One commenter suggested that the FDIC consider how the rule might affect the federal criminal justice system and public safety. This commenter noted that some individuals may be released from prison early or receive shorter sentences due to the First Step Act of 2018. 43 In response, the FDIC notes that it is finalizing this rulemaking in accordance with the policy choices of Congress and the President.

Footnotes:

43 ?Public Law 115-391, 132 Stat. 5194.

C. Proposals Received by the NCUA

On November 7, 2023, the NCUA issued a notice of proposed rulemaking to implement the FHBA as to the NCUA's regulations, 44 and the NCUA received several comments addressing the following topics. (Earlier in this Preamble, the FDIC addressed a suggestion from an NCUA commenter that concerned the date on which a court imposed a sentence.) The FDIC considered these other proposals-as part of its statutory obligation to consult and coordinate with the NCUA to promote consistent implementation of the FHBA? 45 -and has decided not to incorporate them into the final rule. These commenters made the following recommendations, among others.

Footnotes:

44 ? See 88 FR 76702.

45 ? See 12 U.S.C. 1829(f)(9).

Several commenters suggested that the de minimis exclusion should not be available for offenses committed against any depository institution or credit union-not just insured depository institutions and insured credit unions. The FDIC's position is that the primary purpose of section 19 is to protect IDIs and, by extension, the Deposit Insurance Fund. Accordingly, the FDIC's de minimis framework focuses on offenses that have been committed against such institutions (and insured credit unions) rather than against non-federally insured institutions. For this reason, the FDIC declines to implement this suggestion.
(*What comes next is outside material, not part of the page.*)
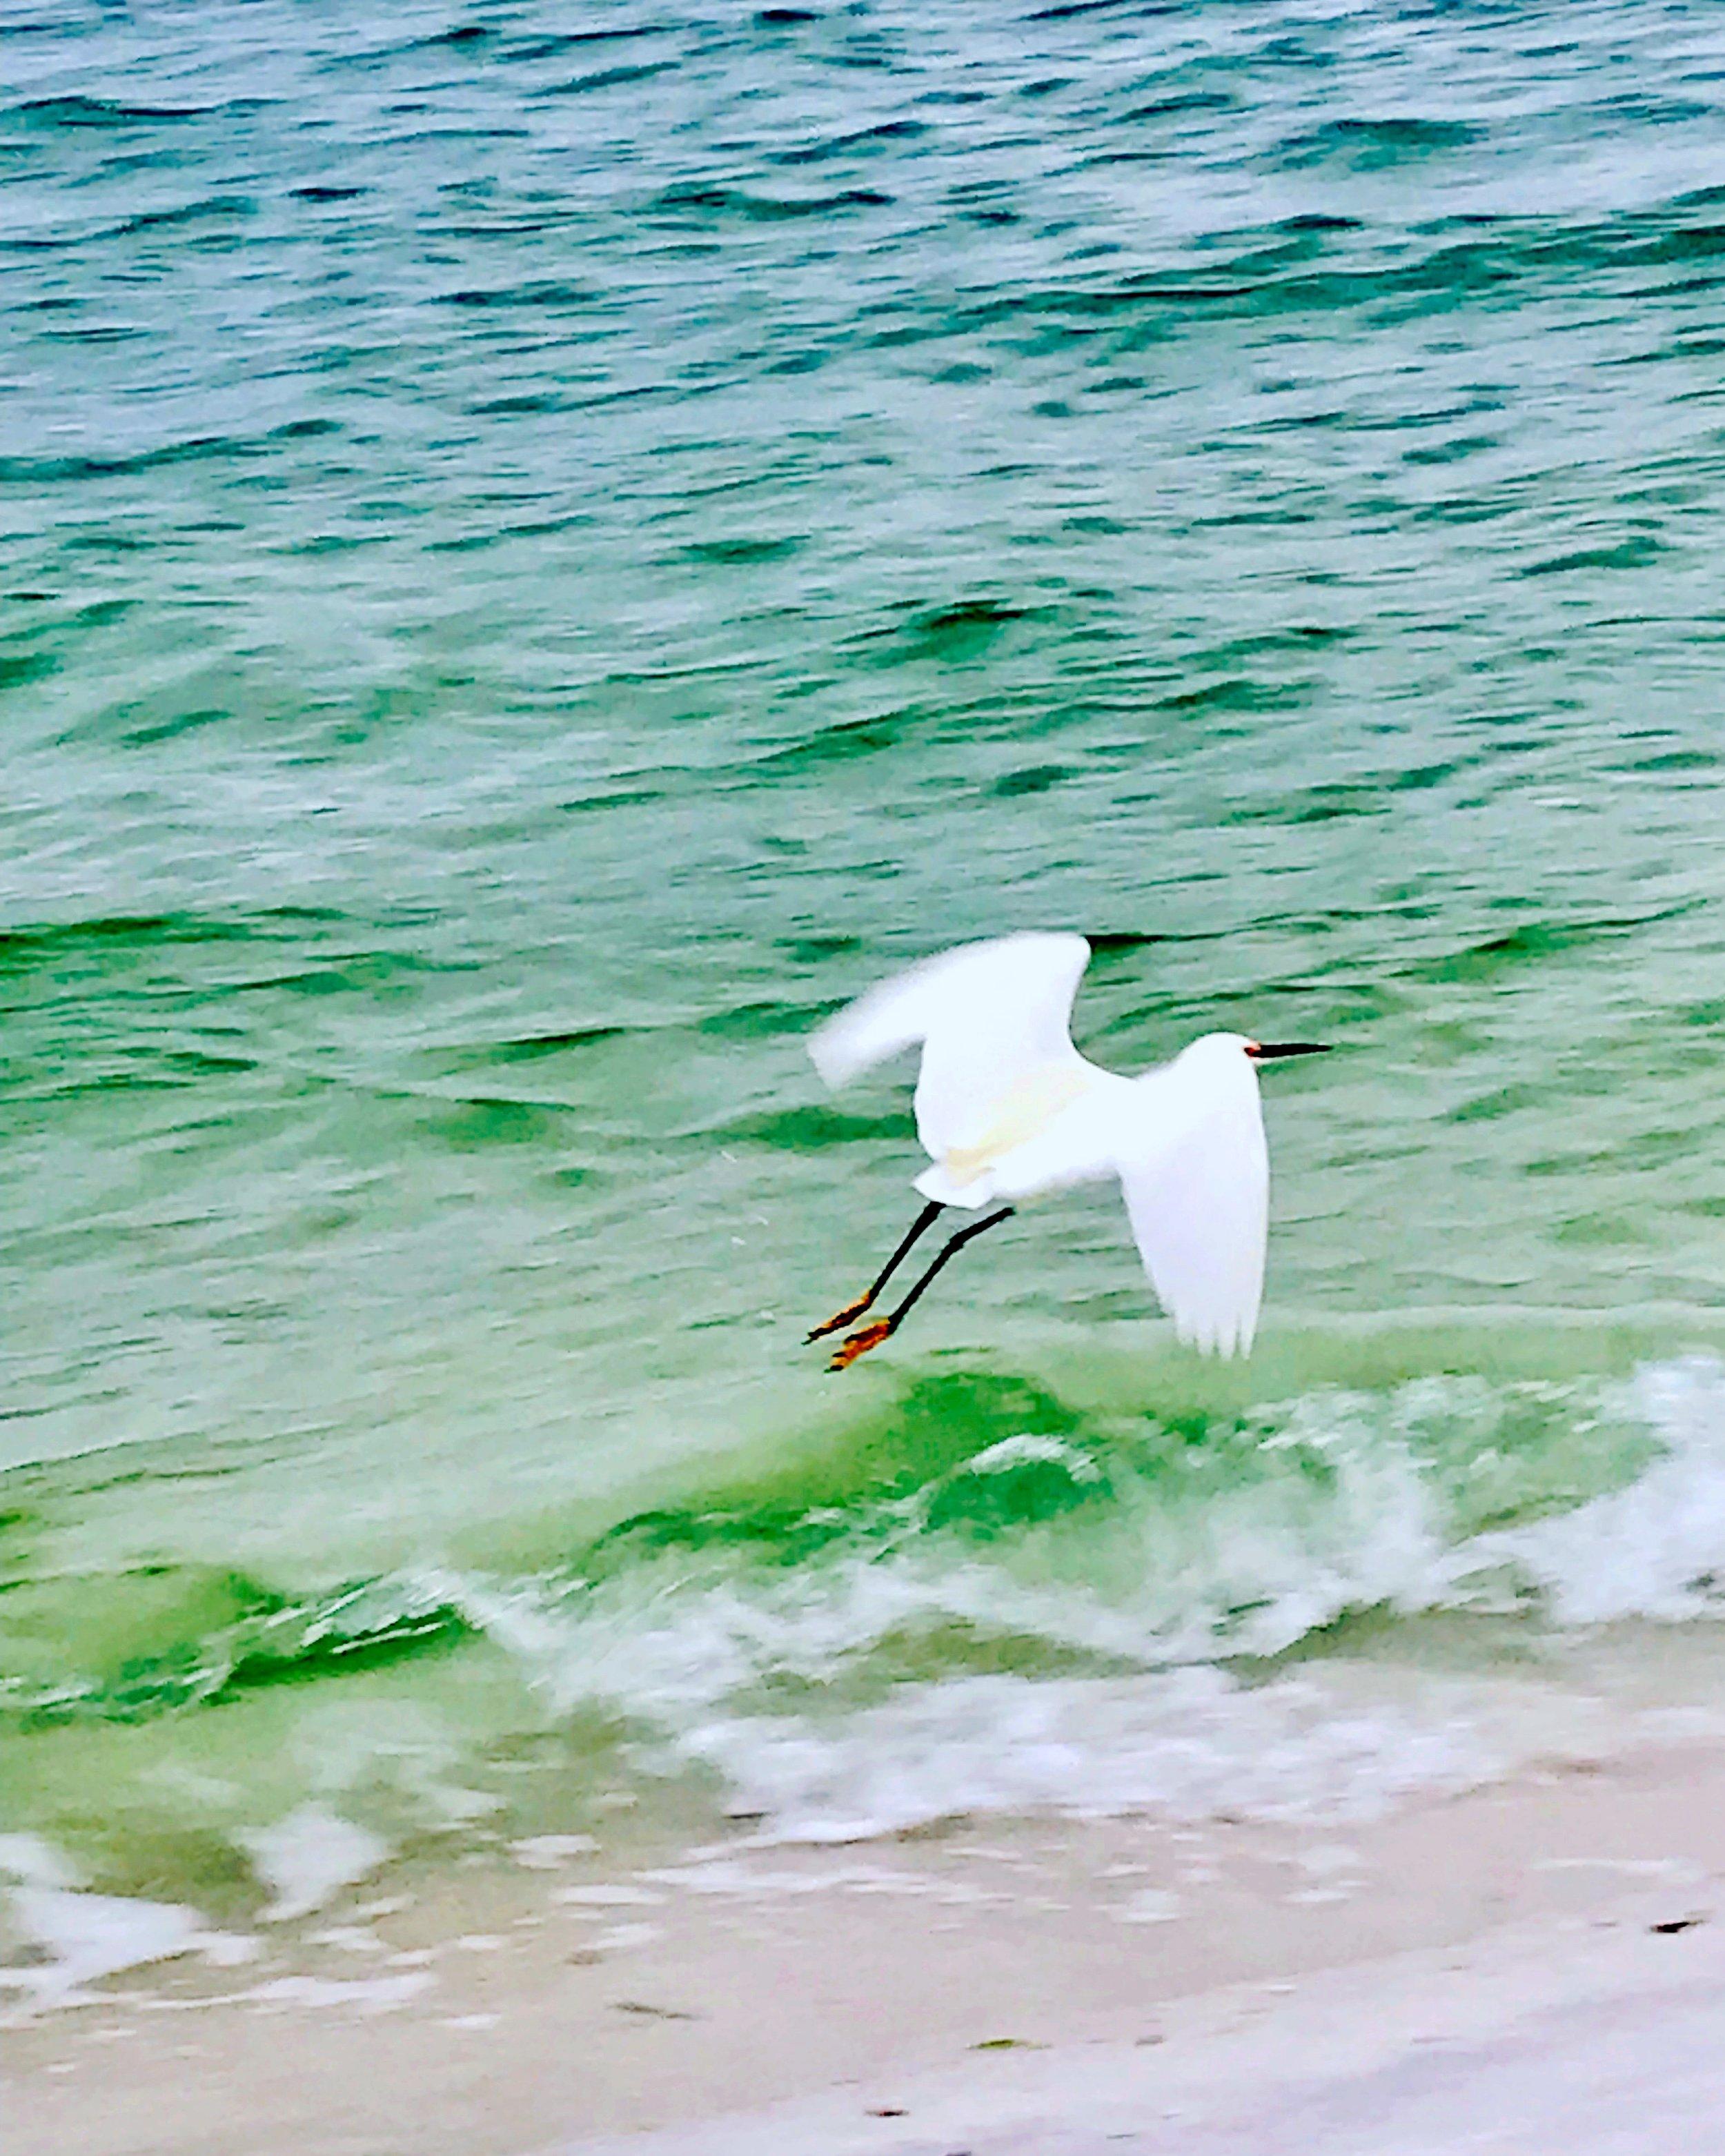 ibis flight.JPG

One commenter recommended excluding pardoned offenses from the scope of section 19 and suggested that pardoned offenses should be treated the same as expunged offenses. The FDIC disagrees with this recommendation and notes its longstanding position that covered offenses that have been pardoned-and which are not otherwise excluded from the scope of section 19-will still require an application. A pardon typically cancels the punishment for a criminal offense, not the underlying finding of guilt. In contrast, an expungement or sealing is significantly more likely to result-by applicable statute of court order-in the removal of the finding of guilt or otherwise result in a legal determination that the offense should not be used against an individual for employment purposes. Accordingly, in the FDIC's view, a person with such an expunged or sealed offense tends to present less of a risk to the banking system than a person whose same offense has been pardoned.
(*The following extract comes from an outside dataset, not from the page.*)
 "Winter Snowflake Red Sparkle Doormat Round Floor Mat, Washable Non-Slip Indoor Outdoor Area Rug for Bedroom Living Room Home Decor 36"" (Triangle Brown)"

One commenter suggested that the FDIC should increase the maximum potential penalty threshold from $2,500 to $5,000 under the general de minimis framework, in keeping with a certain federal criminal statute. The FDIC declines to expand the de minimis framework as proposed because the FDIC considers the current threshold appropriate. The $2,500 amount is comparable to the $2,000 de minimis threshold for insufficient-fund offenses under the FHBA. 46

Footnotes:

46 ? See 12 U.S.C. 1829(c)(3)(C).

VI. Regulatory Analysis

A. The Paperwork Reduction Act

In accordance with the requirements of the Paperwork Reduction Act (PRA), 47 the FDIC may not conduct or sponsor, and the respondent is not required to respond to, an information collection unless it displays a currently valid Office of Management and Budget (OMB) control number.

Footnotes:

47 ?44 U.S.C. 3501 et seq.

The FDIC received one comment that appears to relate to the PRA. The commenter suggested that the FDIC should collect information on instances of criminal recidivism among bank employees, in light of the FHBA's exclusion of previously covered offenses from the scope of section 19. The FDIC declines to adopt this proposal because it would be administratively impracticable for the FDIC to obtain this information from the thousands of IDIs subject to section 19, and this proposal would impose significant compliance burdens on those institutions. In other words, the compliance burden associated with collecting this information would outweigh the benefits and practical utility of collecting this information.


[top] The FDIC will revise its section 19 application form to conform with the changes to section 19 under the FHBA. These changes amend the FDIC's existing information collection associated with this rule, entitled "Application Pursuant to Section 19 of the Federal Deposit Insurance Act" (3064-0018). For this reason, the information collection requirements contained in this final rule will be submitted by the FDIC to OMB for review and approval under section 3507(d) of the PRA (44 U.S.C. 3507(d)) and §?1320.11 of the OMB's page 64361 implementing regulations (5 CFR part 1320).

Based on available data, the number of respondents and the estimated annual burden associated with the information collection will decrease.

Information Collection

Title: "Application Pursuant to Section 19 of the Federal Deposit Insurance Act".

OMB Number: 3064-0018.

Affected Public: Insured depository institutions and individuals.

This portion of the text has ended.